First of all, the neural network is trained on a specific dataset, and the connections built within it are based on this training sample. This sample for general-purpose networks is taken from the commonly used information environment: the internet and books, and it reflects the knowledge and information available in this environment. The Earth is round, America was discovered by Columbus, killing people is bad, the Sun — is a yellow dwarf, and Plato is a Greek philosopher. Whether you agree with this or not, the connections between words are formed in this way, and without applying special efforts, corresponding questions will yield corresponding answers.
From the nature of neural networks follows their most famous, unpleasant, and often ridiculed property of hallucinating. In response to our queries, LLM provides the most probable, “best” sequence of words — it cannot not provide it — but there are no guarantees of the adequacy of this sequence to what actually exists. If the text array used in training does not allow considering the answer irrelevant, then the neural network has no other ways of such evaluation: it simply has no sensory organs, no “life experience,” “pork wings” mean nothing to it, it has not seen a pig, does not know what it is, and does not even realize the reality in which pigs exist. LLM operates with words, and this phrase turns out to be the most relevant of all possible, that’s all. We will talk about how to deal with this later, but for now, we have to accept the inevitability of hallucinations as such.

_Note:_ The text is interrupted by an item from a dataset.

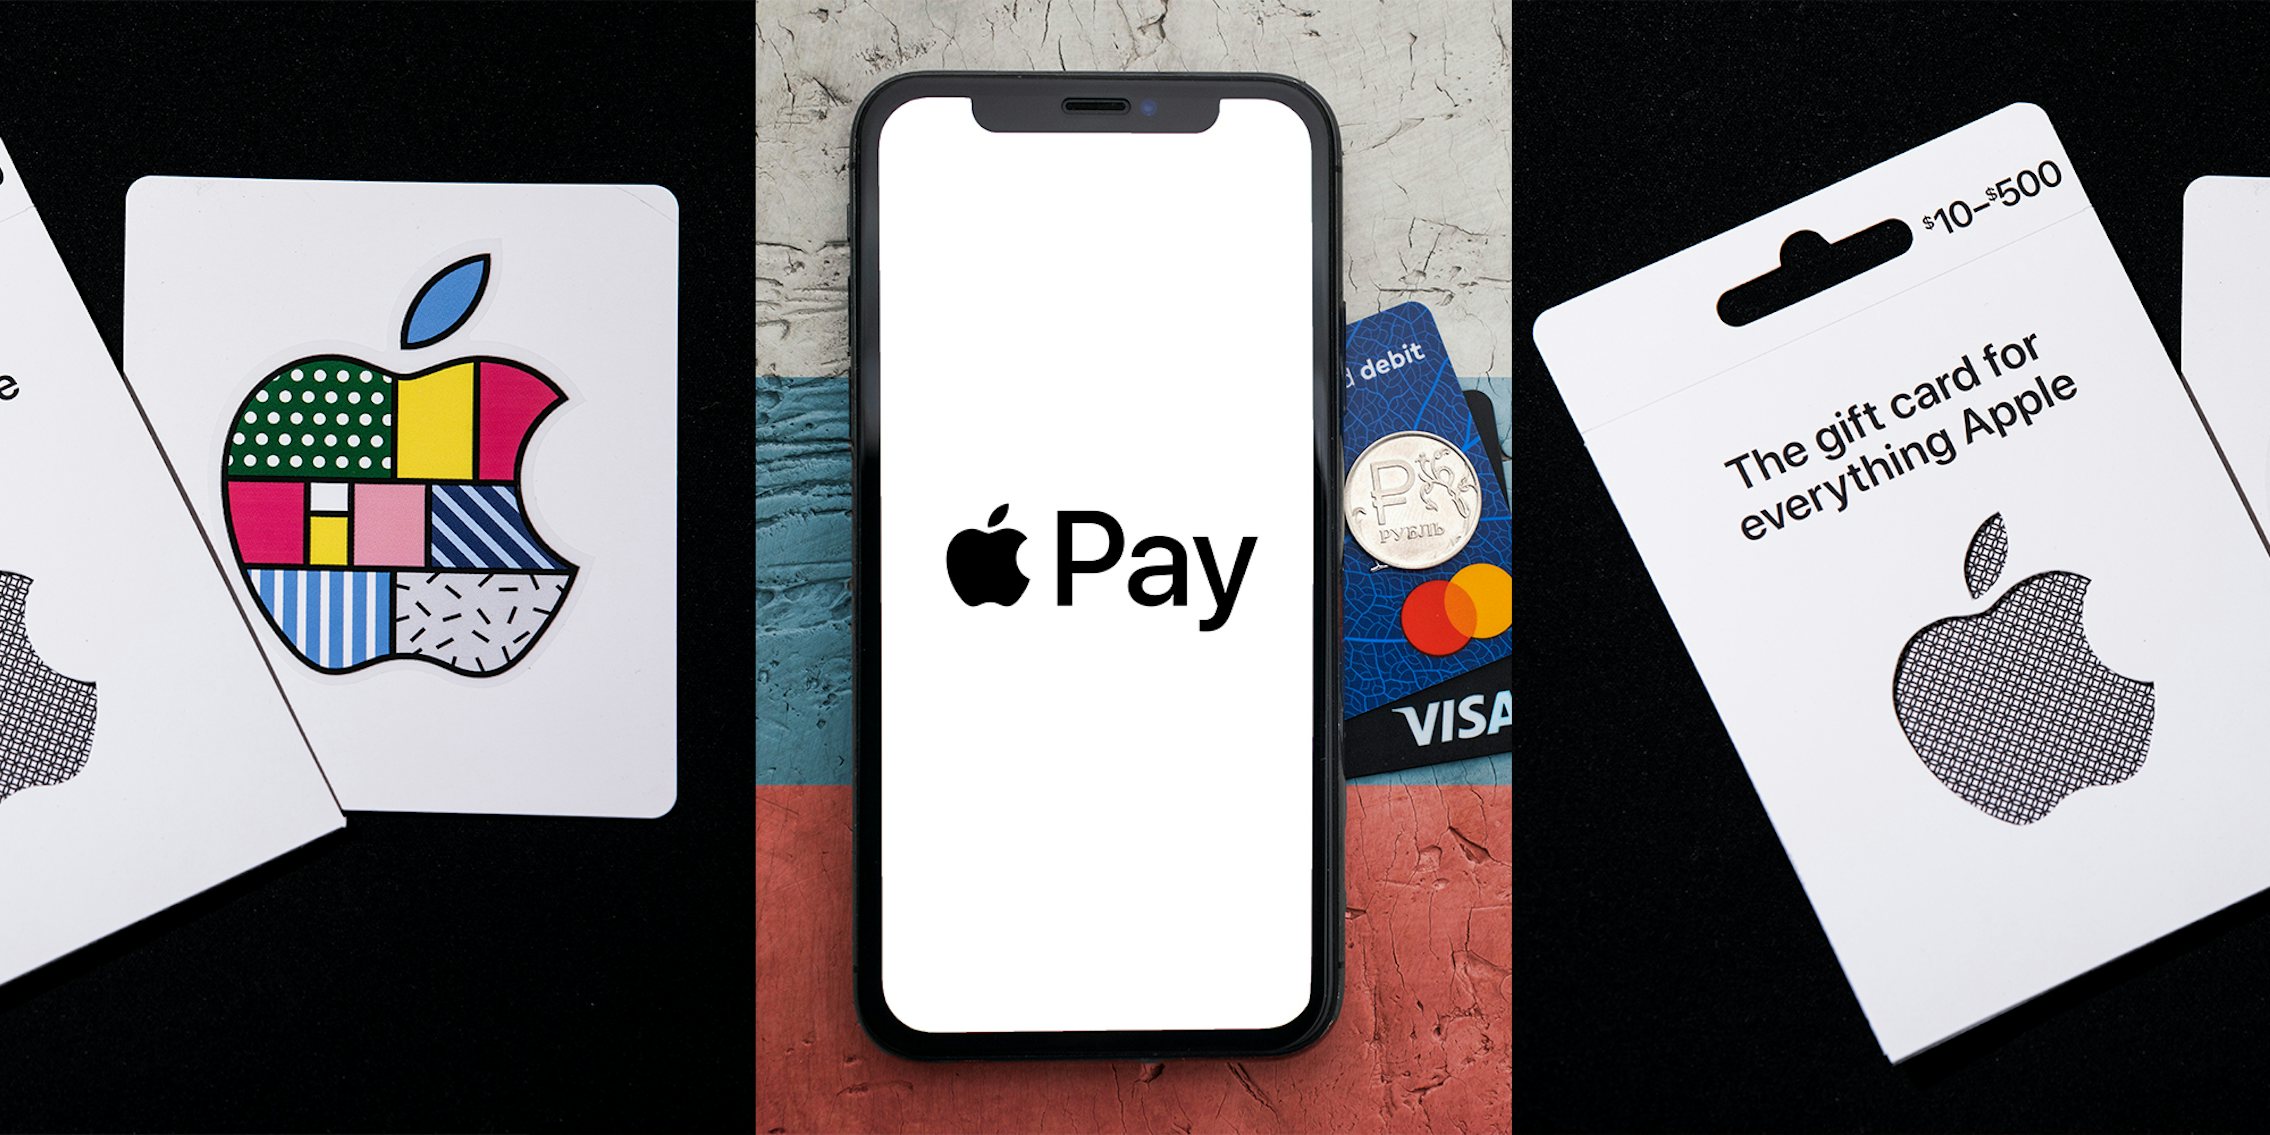 Apple Gift Cards; Everything You Need to Know - EZ PIN - Gift Card

For this same reason, neural networks themselves do not know how to count, or more precisely, to calculate. There are quite a few texts that say twice two is four, so to the question “what is twice two” the answer “four” is the most likely. But there are negligibly few texts that would say what the square root of six hundred eighty-five multiplied by one and a half is, and therefore the chances of getting the correct result are also low. There are methods to teach — no, not neural networks, but tools based on them — to count, but initially by their nature, LLMs do not know how to calculate.
It is not a universal knowledge base either, although this is exactly how it is very often attempted to be applied, sometimes successfully, sometimes not. If it concerns some commonly used facts, then with a high probability the connections between the words describing them will be sufficiently “strong” and the answer will be semantically correct. But it is quite possible that there were some similar, “distracting” fragments in the training texts that will pull along inappropriate, inadequate, irrelevant word sequences, and the meaning of the result will be distorted. That’s how I once tormented ChatGPT with questions about Cardinal Richelieu’s brothers.
Using linguistic models to manage knowledge bases and search through them is not only quite possible but also necessary, however, the neural network itself is not such a base. And expecting universal erudition from it is very reckless.